Try Scratch for Arduino by Using mBlock
Arduino is a small prototyping board that can bring amazing ideas into real life. Besides that, using it, you can create blinking lights and sense buttons, run servos, and even make a robot, an electronic gadget, and many other interesting things. However, to achieve these goals, you must instruct the Arduino [arduino download] in a programming language, giving the Arduino steps to complete the task in the form of code. Besides that, arduino is designed to program in its own language, and this language consists of functions pulled from C/C++. Nevertheless, other languages can also be used to program an Arduino with the help of a third-party programming tool. Because by using Scratch programs, you can make Arduino Flash Lights, Read Buttons, and many of the things that you can do in a regular Arduino environment.
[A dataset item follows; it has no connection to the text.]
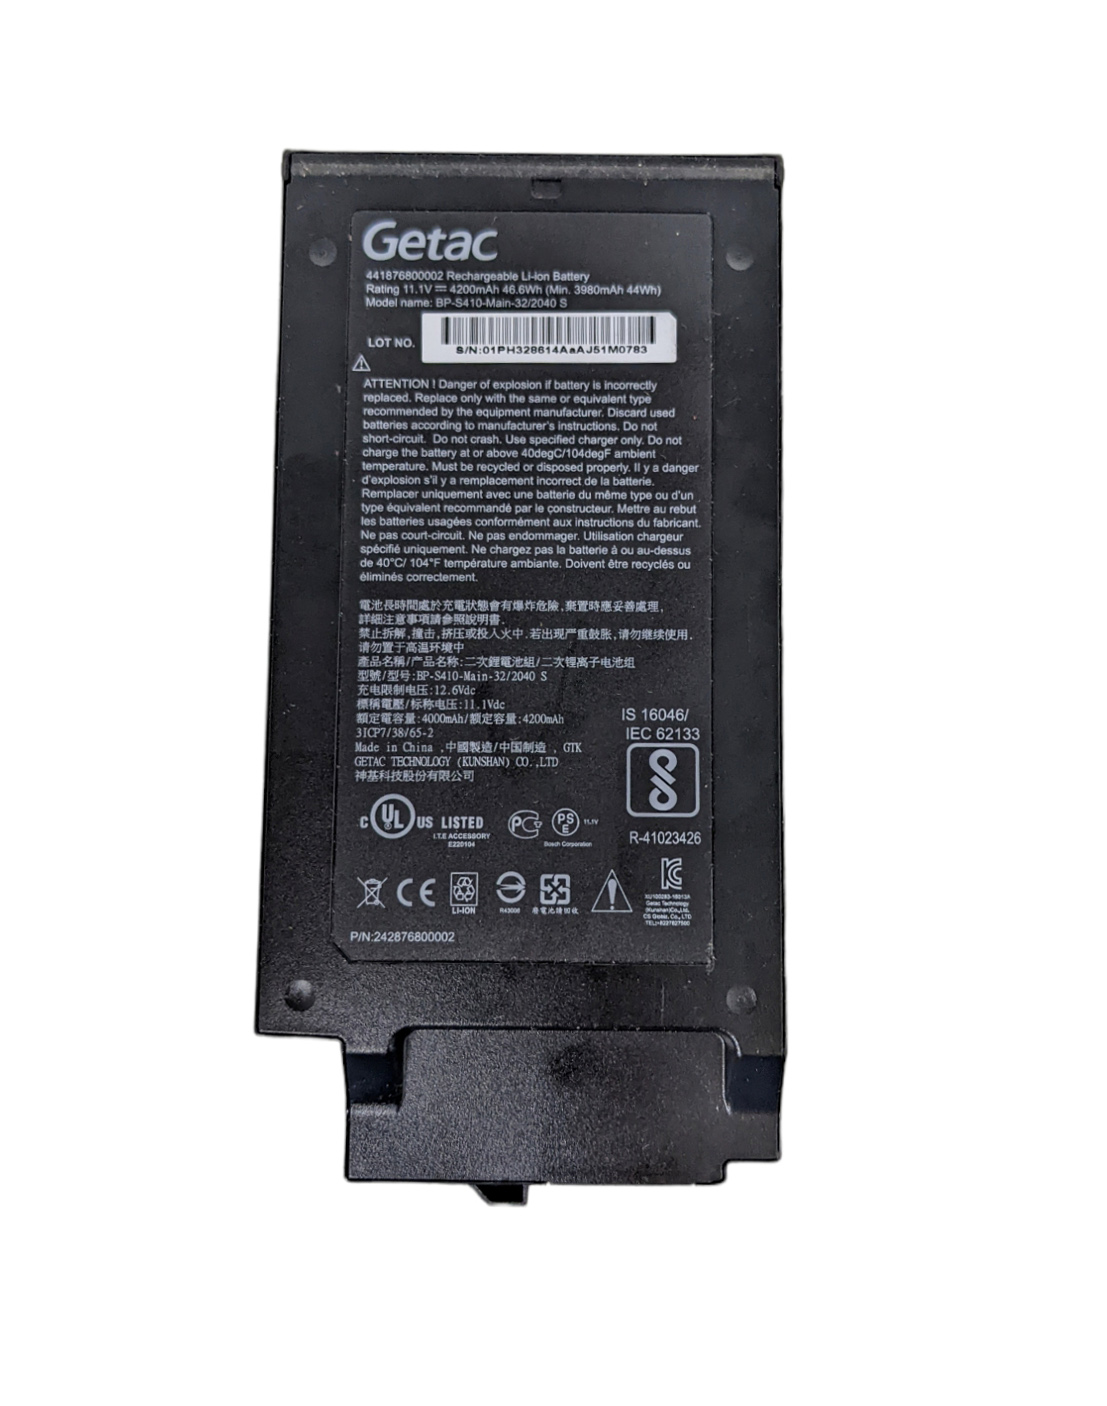 Battery Getac 242876800002 4200mAh 46.6Wh - Click Image to Close
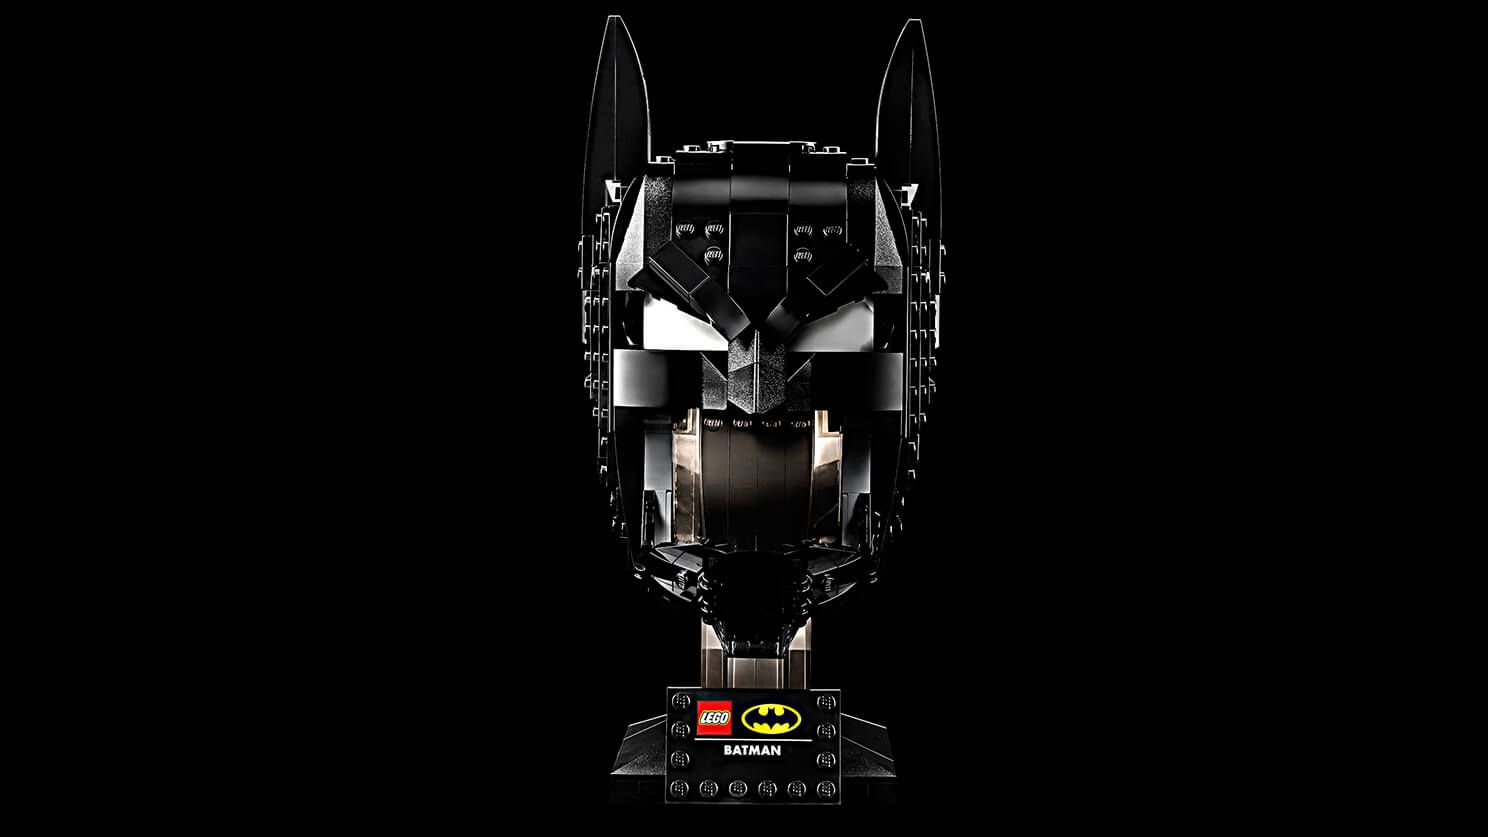 LEGO Super Heroes 76182 Batman™ Helm LEGO_76182_WEB_SEC02_1488.jpg

One such program is mBlock, which lets you use the Scratch visual programming language with an Arduino. Therefore, if you like Scratch and Arduino but are not quite ready for programming in C/C++ yet, therefore, mBlock might be something to try out, and it will make the whole process easier and more interactive without Arduino download.
How do you use mBlock to achieve a programming goal with Scratch?
At first, Scratch was a programming language for children to learn coding. Schools all over the world are now starting to teach Scratch as a part of their curriculum to prepare children to learn to program. In Scratch, kids can join labeled blocks (which serve as code snippets) to write a complete program, which turns coding into a more visually interesting process. Besides that, with the help of mBlock 3, users can even see the original C++ code after programming the Arduino. It’s an interesting and helpful function for beginners.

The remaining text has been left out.